What you are asked to do –
Your job with the data below: print everything from the line that holds "po kilkunastu godzinach" down to the line that holds "Tony VAN OS", ends included, exactly, and nothing else.

Data to use –
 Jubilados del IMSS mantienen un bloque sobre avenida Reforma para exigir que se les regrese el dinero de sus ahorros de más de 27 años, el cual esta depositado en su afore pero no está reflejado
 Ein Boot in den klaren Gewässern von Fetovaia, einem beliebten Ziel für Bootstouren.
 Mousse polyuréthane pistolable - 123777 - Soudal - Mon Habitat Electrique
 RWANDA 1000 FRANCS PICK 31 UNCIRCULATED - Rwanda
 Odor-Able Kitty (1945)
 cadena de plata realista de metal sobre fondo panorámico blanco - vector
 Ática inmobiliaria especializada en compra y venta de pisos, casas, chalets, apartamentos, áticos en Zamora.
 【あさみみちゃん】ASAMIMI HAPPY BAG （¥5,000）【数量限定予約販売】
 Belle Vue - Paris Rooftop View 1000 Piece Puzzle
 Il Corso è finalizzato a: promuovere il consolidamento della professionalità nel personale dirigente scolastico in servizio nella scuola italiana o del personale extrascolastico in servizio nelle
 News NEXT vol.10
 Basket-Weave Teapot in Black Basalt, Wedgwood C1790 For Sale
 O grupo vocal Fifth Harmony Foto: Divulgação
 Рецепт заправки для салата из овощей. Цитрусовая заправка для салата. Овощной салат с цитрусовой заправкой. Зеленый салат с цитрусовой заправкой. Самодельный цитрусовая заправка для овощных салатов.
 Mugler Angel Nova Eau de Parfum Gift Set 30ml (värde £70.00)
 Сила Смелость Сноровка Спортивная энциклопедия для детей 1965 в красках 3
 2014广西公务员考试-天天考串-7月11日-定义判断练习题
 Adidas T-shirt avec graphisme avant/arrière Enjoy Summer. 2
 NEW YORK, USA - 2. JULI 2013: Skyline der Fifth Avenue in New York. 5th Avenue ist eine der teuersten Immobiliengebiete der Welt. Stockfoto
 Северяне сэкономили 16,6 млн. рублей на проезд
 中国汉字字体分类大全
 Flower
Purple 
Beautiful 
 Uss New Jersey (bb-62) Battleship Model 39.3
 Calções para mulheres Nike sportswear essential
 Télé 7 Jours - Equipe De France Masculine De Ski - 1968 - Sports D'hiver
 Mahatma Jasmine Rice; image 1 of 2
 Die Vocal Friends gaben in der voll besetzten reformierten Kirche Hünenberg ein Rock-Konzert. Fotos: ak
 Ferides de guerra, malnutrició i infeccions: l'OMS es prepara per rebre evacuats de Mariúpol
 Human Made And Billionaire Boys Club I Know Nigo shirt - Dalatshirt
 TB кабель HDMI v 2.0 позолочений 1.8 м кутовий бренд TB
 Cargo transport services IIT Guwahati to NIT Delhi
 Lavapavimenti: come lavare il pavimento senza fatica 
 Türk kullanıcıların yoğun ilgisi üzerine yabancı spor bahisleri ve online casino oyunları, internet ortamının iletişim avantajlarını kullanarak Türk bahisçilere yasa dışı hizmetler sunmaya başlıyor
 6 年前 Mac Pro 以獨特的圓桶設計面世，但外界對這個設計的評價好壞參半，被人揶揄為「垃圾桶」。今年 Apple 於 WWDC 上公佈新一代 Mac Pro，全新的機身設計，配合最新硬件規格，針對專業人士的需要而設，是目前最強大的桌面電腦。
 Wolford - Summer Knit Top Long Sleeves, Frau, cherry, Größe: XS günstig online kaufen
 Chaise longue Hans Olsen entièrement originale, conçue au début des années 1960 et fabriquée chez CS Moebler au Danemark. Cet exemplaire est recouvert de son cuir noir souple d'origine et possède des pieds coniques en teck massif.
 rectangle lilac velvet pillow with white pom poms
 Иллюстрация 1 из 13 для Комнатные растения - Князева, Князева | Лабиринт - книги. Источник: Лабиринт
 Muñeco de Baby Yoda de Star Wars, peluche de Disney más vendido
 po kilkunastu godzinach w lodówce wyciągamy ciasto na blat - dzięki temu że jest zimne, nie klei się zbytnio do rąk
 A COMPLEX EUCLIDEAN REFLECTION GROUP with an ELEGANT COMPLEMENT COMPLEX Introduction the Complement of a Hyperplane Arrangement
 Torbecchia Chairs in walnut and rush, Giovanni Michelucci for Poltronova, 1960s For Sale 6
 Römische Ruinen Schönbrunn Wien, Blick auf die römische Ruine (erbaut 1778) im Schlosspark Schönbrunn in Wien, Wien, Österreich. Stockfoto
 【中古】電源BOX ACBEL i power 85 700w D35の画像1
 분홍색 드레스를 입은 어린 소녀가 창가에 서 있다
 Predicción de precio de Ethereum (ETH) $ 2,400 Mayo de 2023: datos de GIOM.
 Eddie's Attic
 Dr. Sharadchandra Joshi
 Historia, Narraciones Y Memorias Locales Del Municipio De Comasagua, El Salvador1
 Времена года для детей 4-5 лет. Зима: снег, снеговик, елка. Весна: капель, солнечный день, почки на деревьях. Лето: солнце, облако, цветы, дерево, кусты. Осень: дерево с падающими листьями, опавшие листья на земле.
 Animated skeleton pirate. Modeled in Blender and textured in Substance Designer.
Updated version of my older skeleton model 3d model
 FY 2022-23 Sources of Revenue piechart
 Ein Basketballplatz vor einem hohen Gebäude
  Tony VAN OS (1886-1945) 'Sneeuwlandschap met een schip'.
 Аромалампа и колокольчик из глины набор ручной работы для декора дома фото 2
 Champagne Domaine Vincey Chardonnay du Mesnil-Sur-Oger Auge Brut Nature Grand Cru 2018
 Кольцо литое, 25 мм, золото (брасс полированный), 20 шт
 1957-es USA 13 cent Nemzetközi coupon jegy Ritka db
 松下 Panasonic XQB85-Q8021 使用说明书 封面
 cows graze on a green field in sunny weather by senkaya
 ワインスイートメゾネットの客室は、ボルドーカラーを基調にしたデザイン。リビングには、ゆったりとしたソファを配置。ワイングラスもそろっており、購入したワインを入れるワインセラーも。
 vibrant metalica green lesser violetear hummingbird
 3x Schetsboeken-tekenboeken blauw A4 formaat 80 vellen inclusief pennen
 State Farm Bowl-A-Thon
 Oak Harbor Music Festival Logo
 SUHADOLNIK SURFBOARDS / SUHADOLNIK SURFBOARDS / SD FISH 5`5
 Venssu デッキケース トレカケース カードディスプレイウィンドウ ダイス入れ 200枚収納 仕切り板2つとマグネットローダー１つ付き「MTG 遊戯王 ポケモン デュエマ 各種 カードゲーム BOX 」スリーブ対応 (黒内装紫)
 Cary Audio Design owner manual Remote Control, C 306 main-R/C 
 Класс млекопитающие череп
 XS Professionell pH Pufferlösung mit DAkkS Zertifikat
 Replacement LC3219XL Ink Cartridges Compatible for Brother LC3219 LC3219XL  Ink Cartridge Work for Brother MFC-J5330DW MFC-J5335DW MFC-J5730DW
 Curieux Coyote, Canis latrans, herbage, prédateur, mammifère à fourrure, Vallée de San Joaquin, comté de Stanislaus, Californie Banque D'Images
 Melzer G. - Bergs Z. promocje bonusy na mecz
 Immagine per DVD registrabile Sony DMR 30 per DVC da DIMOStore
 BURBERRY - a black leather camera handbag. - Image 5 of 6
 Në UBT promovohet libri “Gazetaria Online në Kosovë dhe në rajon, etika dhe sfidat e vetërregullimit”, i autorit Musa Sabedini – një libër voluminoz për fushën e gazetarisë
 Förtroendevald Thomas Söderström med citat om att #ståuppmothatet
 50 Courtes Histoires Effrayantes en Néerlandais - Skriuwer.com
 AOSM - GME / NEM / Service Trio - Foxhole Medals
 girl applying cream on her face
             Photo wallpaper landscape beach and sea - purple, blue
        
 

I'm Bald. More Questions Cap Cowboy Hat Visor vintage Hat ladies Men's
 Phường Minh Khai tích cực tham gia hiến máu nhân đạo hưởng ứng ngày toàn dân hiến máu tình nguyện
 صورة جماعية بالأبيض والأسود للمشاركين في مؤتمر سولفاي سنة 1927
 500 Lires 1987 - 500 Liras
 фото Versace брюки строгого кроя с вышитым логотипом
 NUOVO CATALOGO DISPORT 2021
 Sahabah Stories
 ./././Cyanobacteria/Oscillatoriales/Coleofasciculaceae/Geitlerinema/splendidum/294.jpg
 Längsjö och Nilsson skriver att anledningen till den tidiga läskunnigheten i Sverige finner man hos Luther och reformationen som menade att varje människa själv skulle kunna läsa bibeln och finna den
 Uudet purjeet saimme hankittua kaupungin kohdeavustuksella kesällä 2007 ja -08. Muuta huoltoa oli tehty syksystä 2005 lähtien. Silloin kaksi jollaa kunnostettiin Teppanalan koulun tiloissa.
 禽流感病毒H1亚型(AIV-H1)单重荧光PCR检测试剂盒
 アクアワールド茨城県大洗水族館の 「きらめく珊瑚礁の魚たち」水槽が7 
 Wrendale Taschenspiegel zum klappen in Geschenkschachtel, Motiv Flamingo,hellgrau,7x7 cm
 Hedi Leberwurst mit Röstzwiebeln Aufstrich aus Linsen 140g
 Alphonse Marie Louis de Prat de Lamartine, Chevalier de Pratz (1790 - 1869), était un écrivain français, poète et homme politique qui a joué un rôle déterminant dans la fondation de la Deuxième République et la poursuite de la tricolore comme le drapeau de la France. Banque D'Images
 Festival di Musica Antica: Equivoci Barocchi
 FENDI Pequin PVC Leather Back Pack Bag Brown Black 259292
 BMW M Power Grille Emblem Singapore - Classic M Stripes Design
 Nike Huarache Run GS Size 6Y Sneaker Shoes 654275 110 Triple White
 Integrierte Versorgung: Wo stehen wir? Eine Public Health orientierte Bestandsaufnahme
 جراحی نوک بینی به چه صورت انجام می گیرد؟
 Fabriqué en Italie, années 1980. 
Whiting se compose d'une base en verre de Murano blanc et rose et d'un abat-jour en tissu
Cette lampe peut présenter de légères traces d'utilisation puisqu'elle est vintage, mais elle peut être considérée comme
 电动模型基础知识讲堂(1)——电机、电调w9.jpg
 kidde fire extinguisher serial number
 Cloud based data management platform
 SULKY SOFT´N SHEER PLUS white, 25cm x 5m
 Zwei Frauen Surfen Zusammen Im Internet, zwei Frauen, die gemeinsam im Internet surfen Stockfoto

Answer section –
 po kilkunastu godzinach w lodówce wyciągamy ciasto na blat - dzięki temu że jest zimne, nie klei się zbytnio do rąk
 A COMPLEX EUCLIDEAN REFLECTION GROUP with an ELEGANT COMPLEMENT COMPLEX Introduction the Complement of a Hyperplane Arrangement
 Torbecchia Chairs in walnut and rush, Giovanni Michelucci for Poltronova, 1960s For Sale 6
 Römische Ruinen Schönbrunn Wien, Blick auf die römische Ruine (erbaut 1778) im Schlosspark Schönbrunn in Wien, Wien, Österreich. Stockfoto
 【中古】電源BOX ACBEL i power 85 700w D35の画像1
 분홍색 드레스를 입은 어린 소녀가 창가에 서 있다
 Predicción de precio de Ethereum (ETH) $ 2,400 Mayo de 2023: datos de GIOM.
 Eddie's Attic
 Dr. Sharadchandra Joshi
 Historia, Narraciones Y Memorias Locales Del Municipio De Comasagua, El Salvador1
 Времена года для детей 4-5 лет. Зима: снег, снеговик, елка. Весна: капель, солнечный день, почки на деревьях. Лето: солнце, облако, цветы, дерево, кусты. Осень: дерево с падающими листьями, опавшие листья на земле.
 Animated skeleton pirate. Modeled in Blender and textured in Substance Designer.
Updated version of my older skeleton model 3d model
 FY 2022-23 Sources of Revenue piechart
 Ein Basketballplatz vor einem hohen Gebäude
  Tony VAN OS (1886-1945) 'Sneeuwlandschap met een schip'.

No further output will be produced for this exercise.